Carburetor 40' is shown as a rotary-type having a manual external
purge assembly 52' which utilizes a duck bill type check valve 156'
performing the combined functions of metering check valve 108 and
purge check valve 156 of the first embodiment.
[0049] Of particular interest is the fuel metering system 46' which
eliminates the rigid disk 114 of the first embodiment and replaces
it with a pivoting lever 114', best shown in FIGS. 5-7. Lever 114'
operates similar to lever 28 previously described and illustrated
in FIG. 8. However, for a flat diaphragm application, the common
rivet 36, washer 34, and plate 32 are not required. Instead, a
non-abrasive convex surface 164 of an end or end cup portion 166 of
the lever 114' rides directly against an approximate central point
of the flat diaphragm 100'. A second opposite end 168 of the
elongated lever 114' is fork-like in shape opening along the
lever's longitude to operatively engage an end portion of a head of
the flow control valve (not shown). An elongated hole or passage
170 is carried by and extends laterally through the lever 114' and
snugly receives a rod (not shown) engaged rigidly to the carburetor
body and about which the lever pivots. Lever 28 of the prior art
has typically been made of aluminum which permits bending of the
lever itself within the manufacturing process to adjust for
variations in clearance and tolerance of the convolution 22 of the
diaphragm 20 if applied, and the flow control valve hardware.

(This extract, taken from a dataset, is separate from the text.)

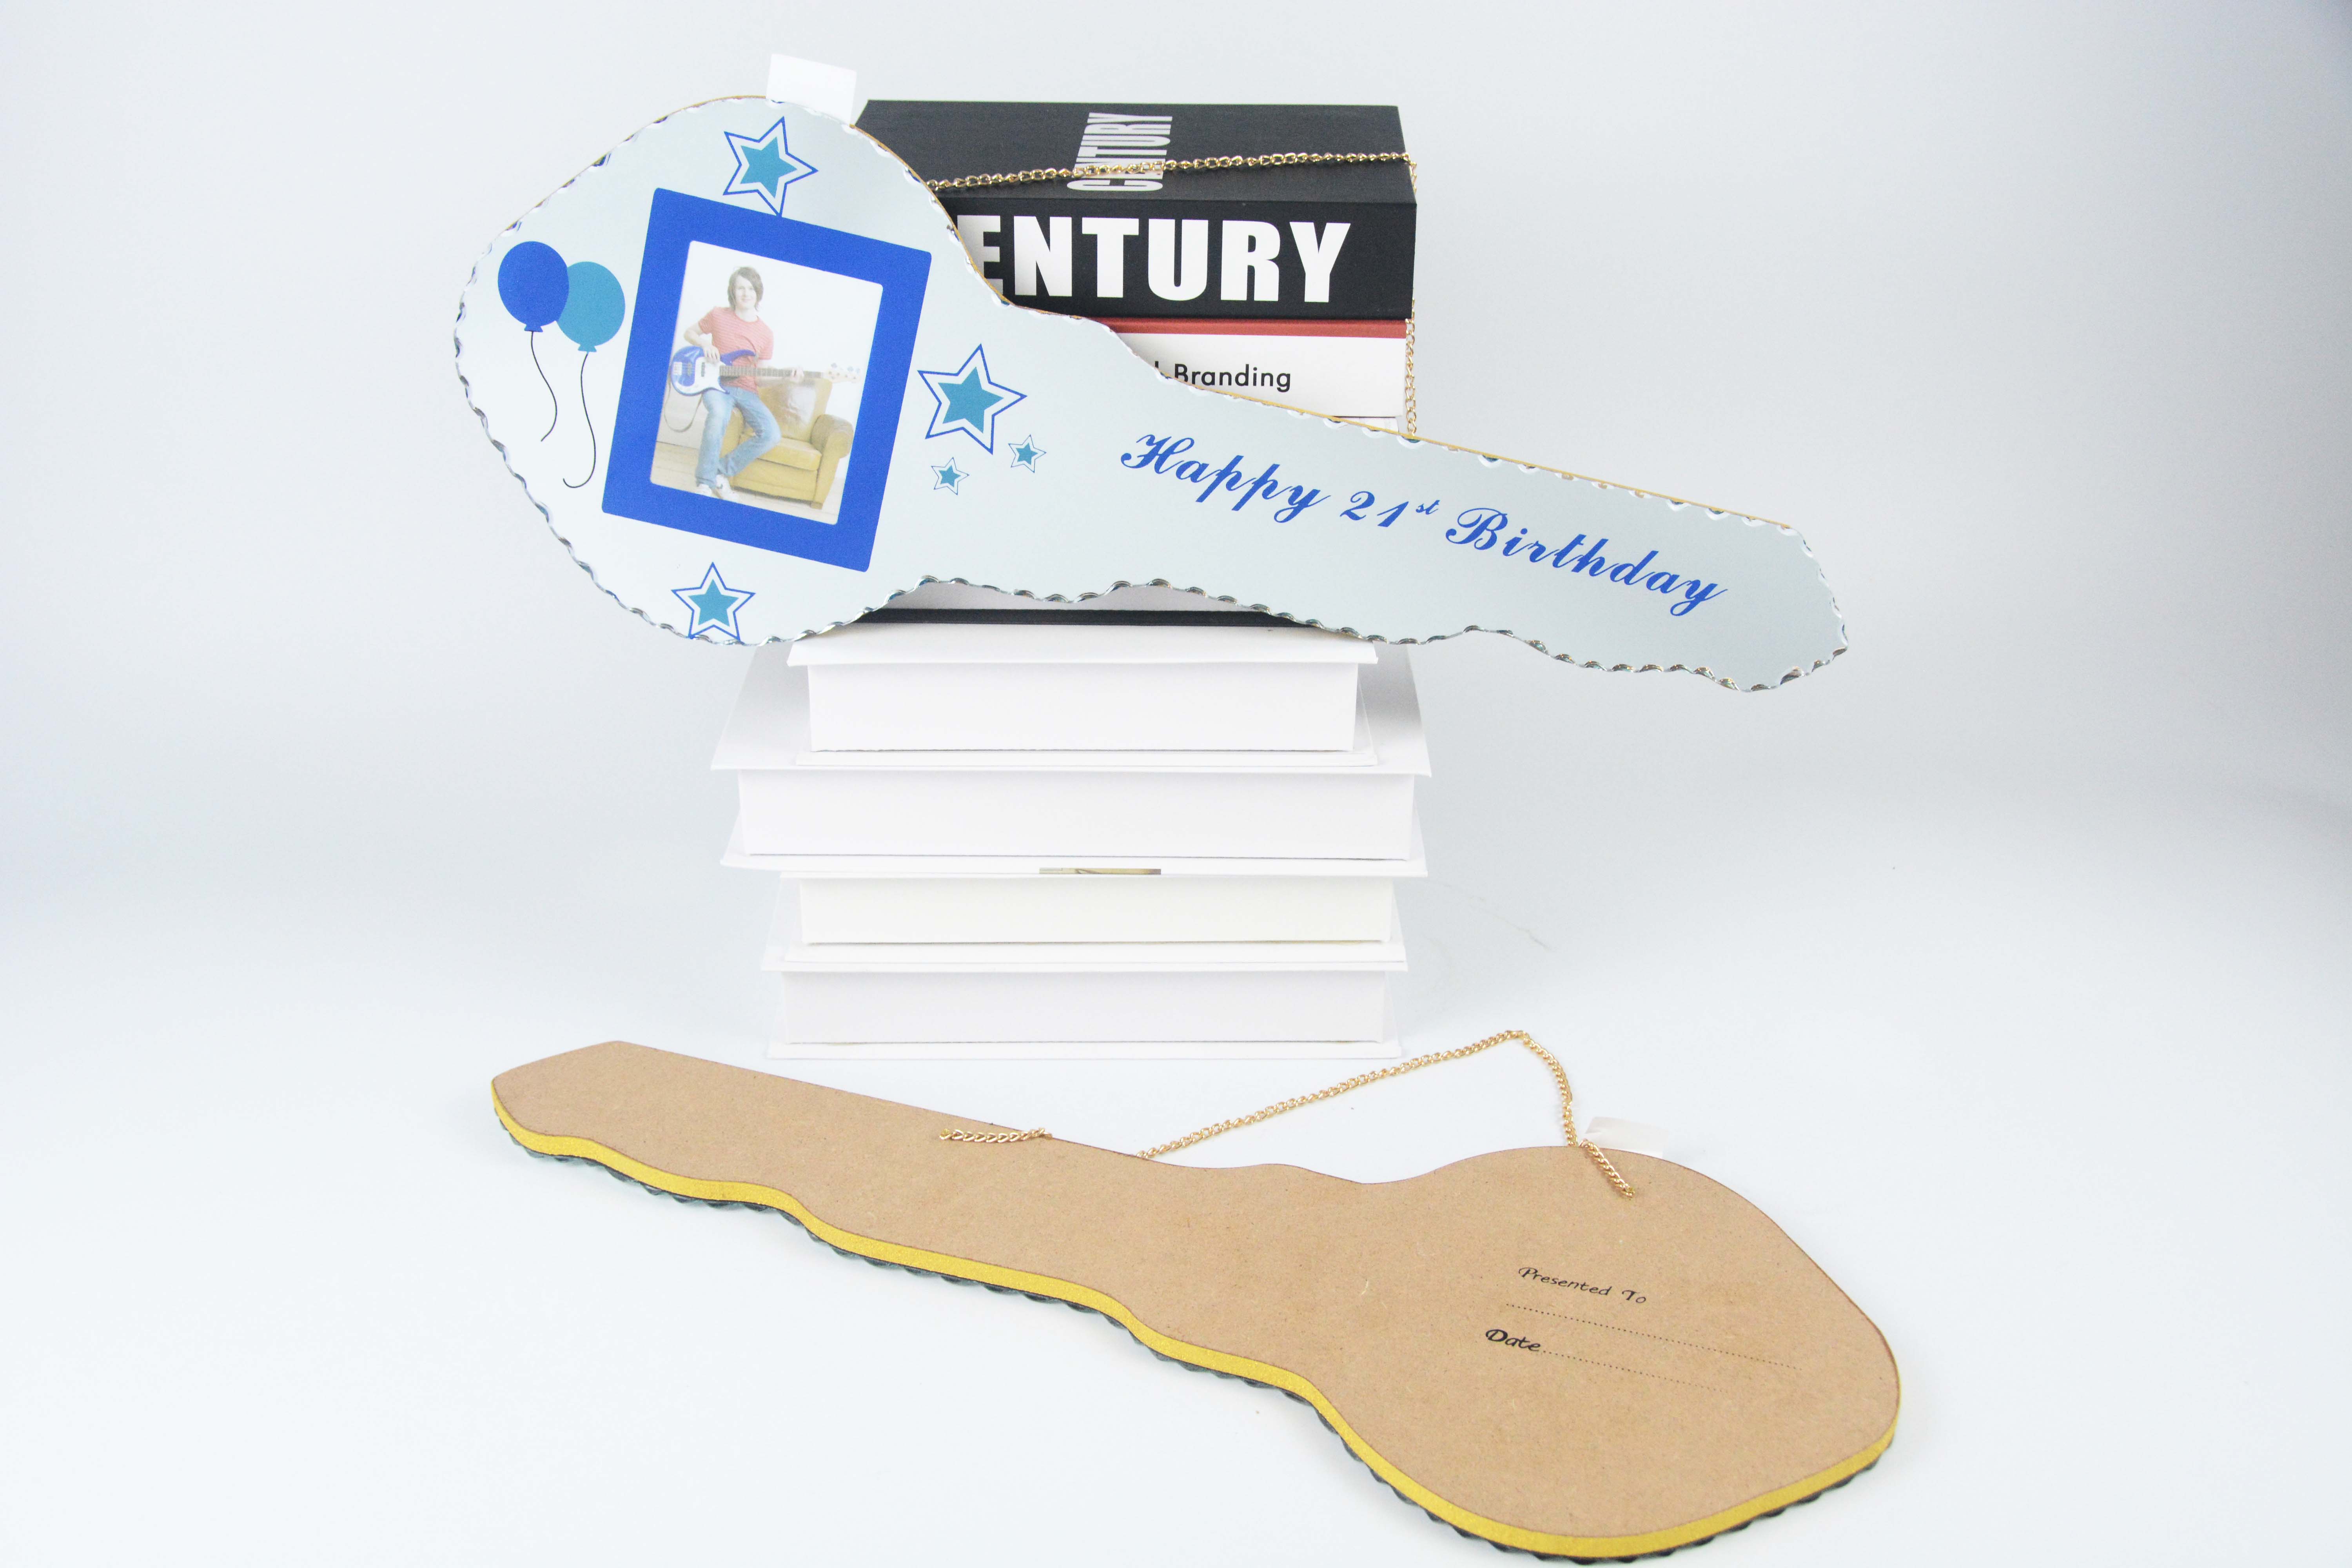 Happy 21st birthday 4x6" glass and wooden photo frame silk screen font with gold powder circled edges in key shape design
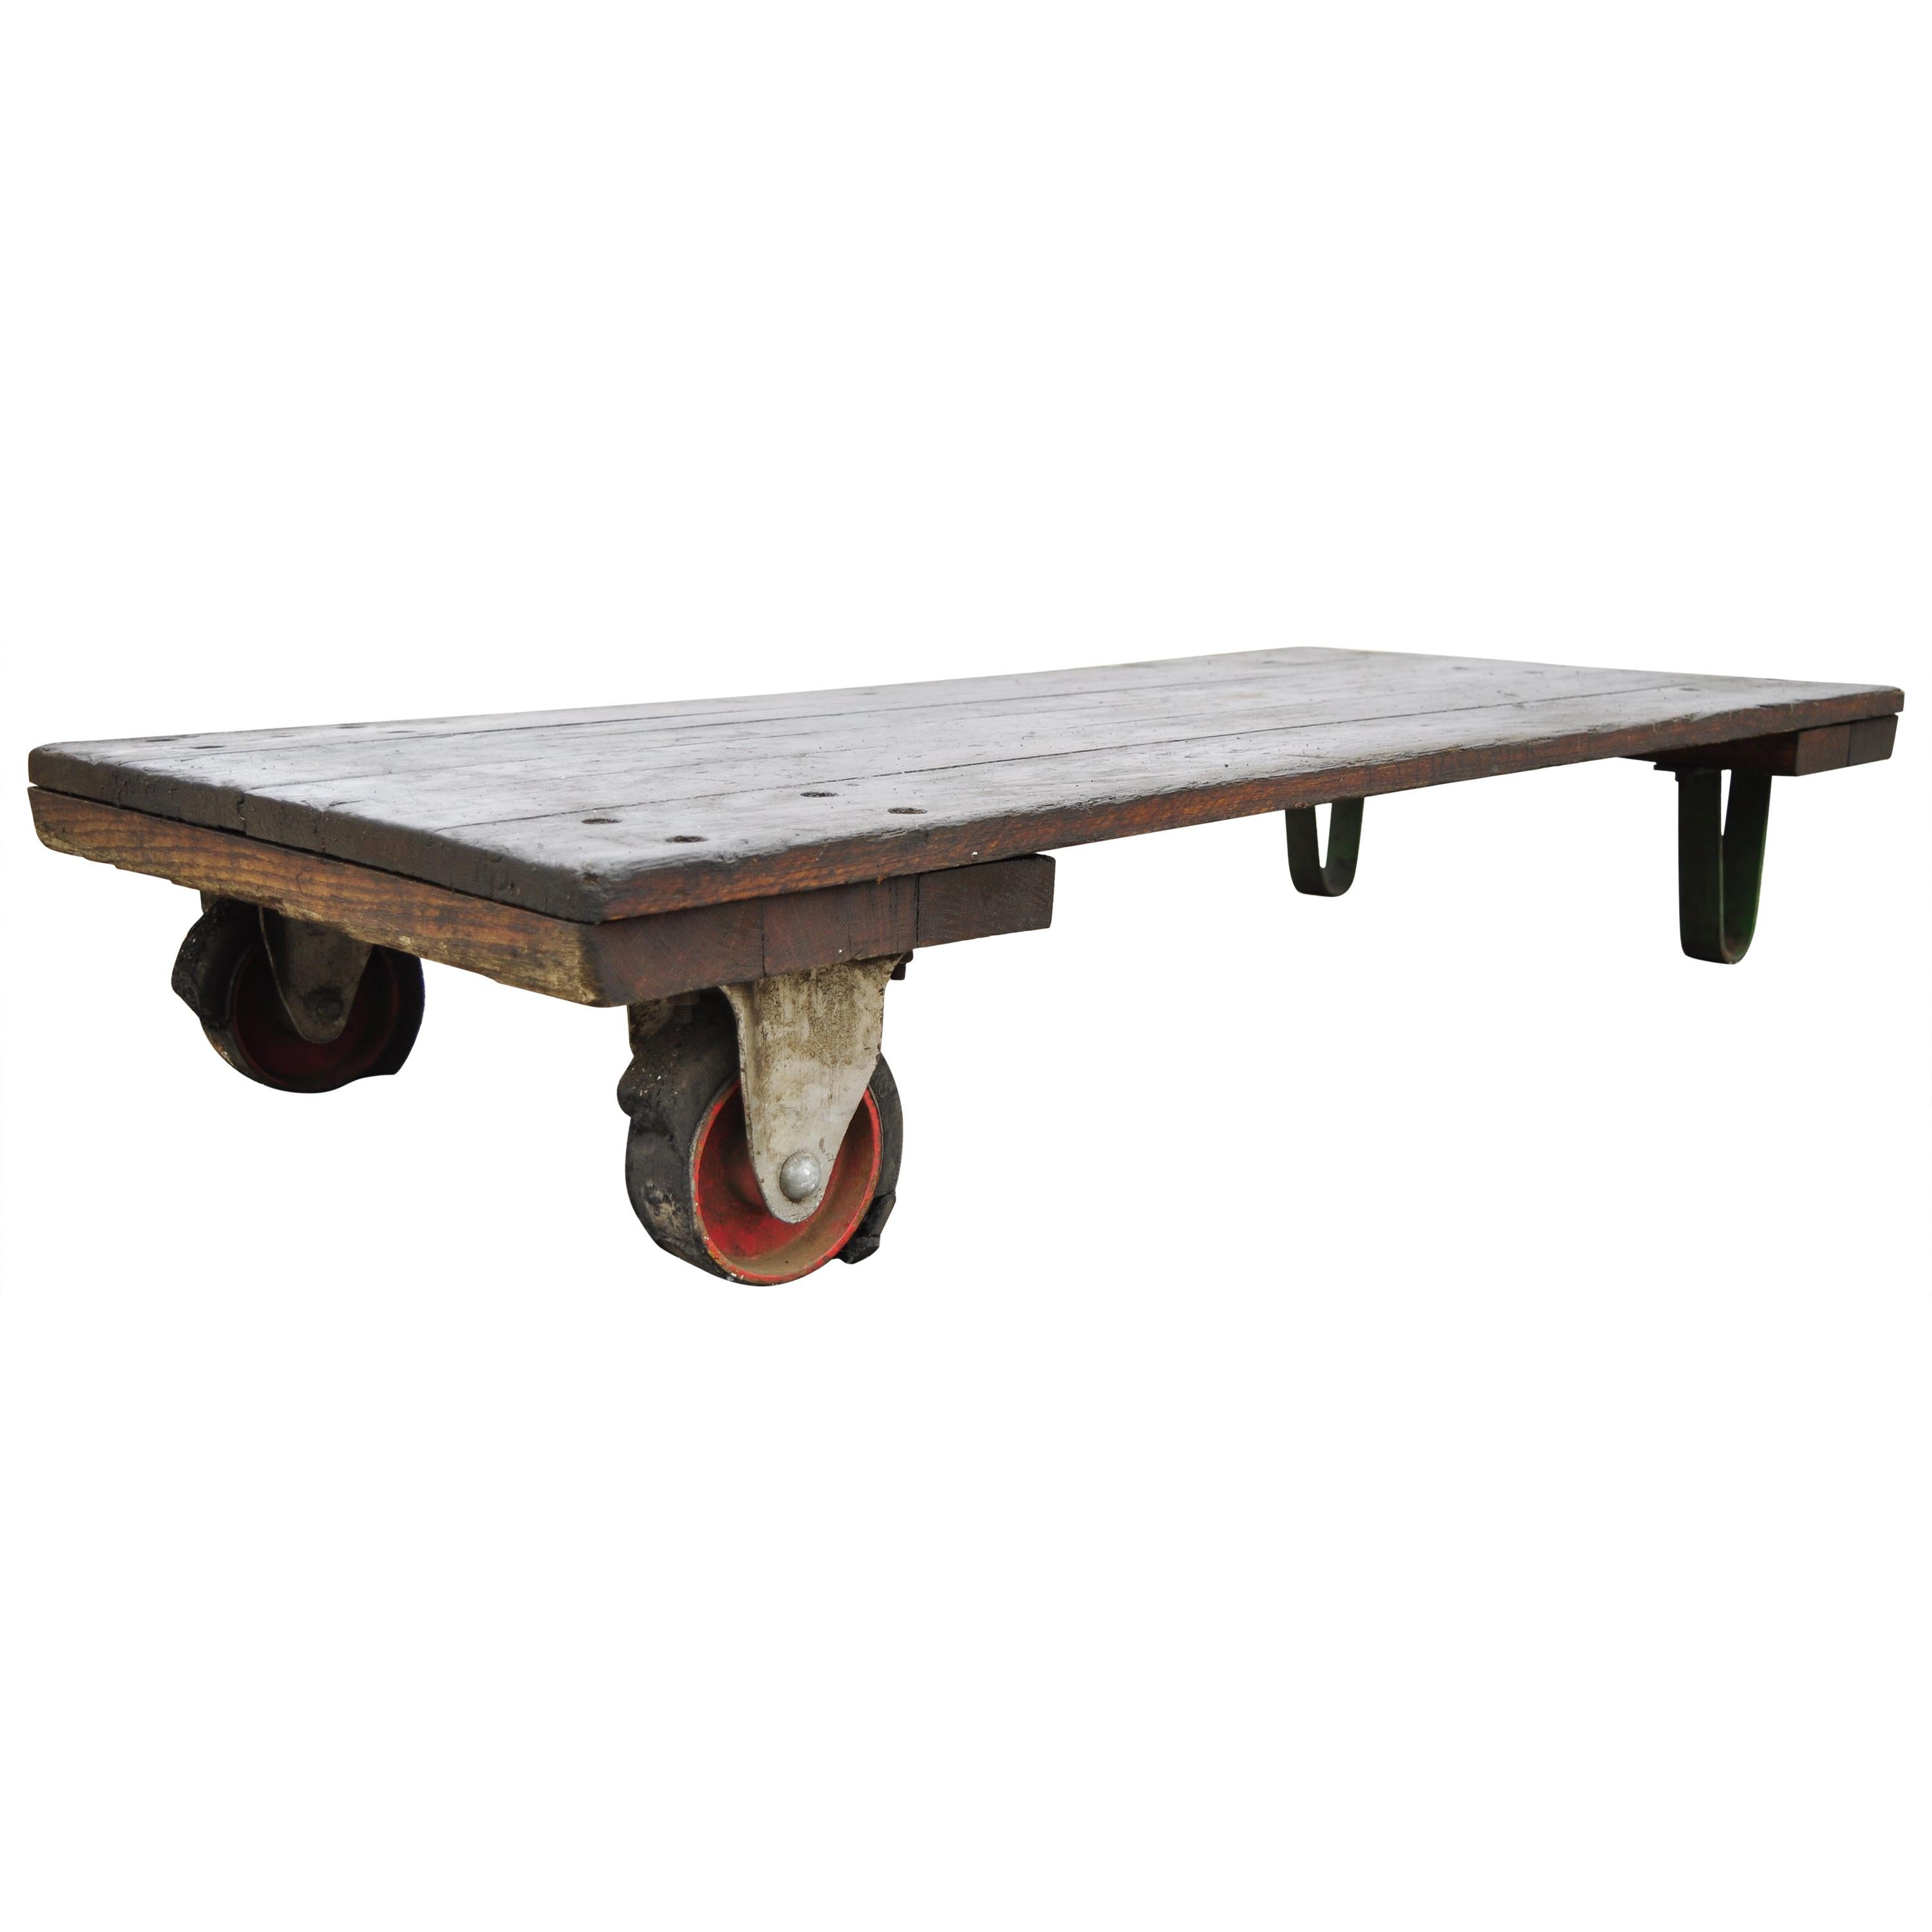 Fairbanks American Industrial Wood and Iron Factory Work Cart Coffee Table 'A'

Because such variations do not exist with the flat diaphragm 100',
as oppose to a convoluted one, the bending operation may be
eliminated permitting manufacturing of the non-abrasive lever 114'
as a preferable one-piece injection molded plastic part preferably
made of a nylon or acetal material.
[0050] While the forms of the invention herein disclosed constitute
presently preferred embodiments, many others are possible. It is
not intended herein to mention all the possible equivalent forms or
ramification of the invention. It is understood that terms used
herein are merely descriptive, rather than limiting, and that
various changes may be made without departing from the spirit or
scope of the invention.
* * * * *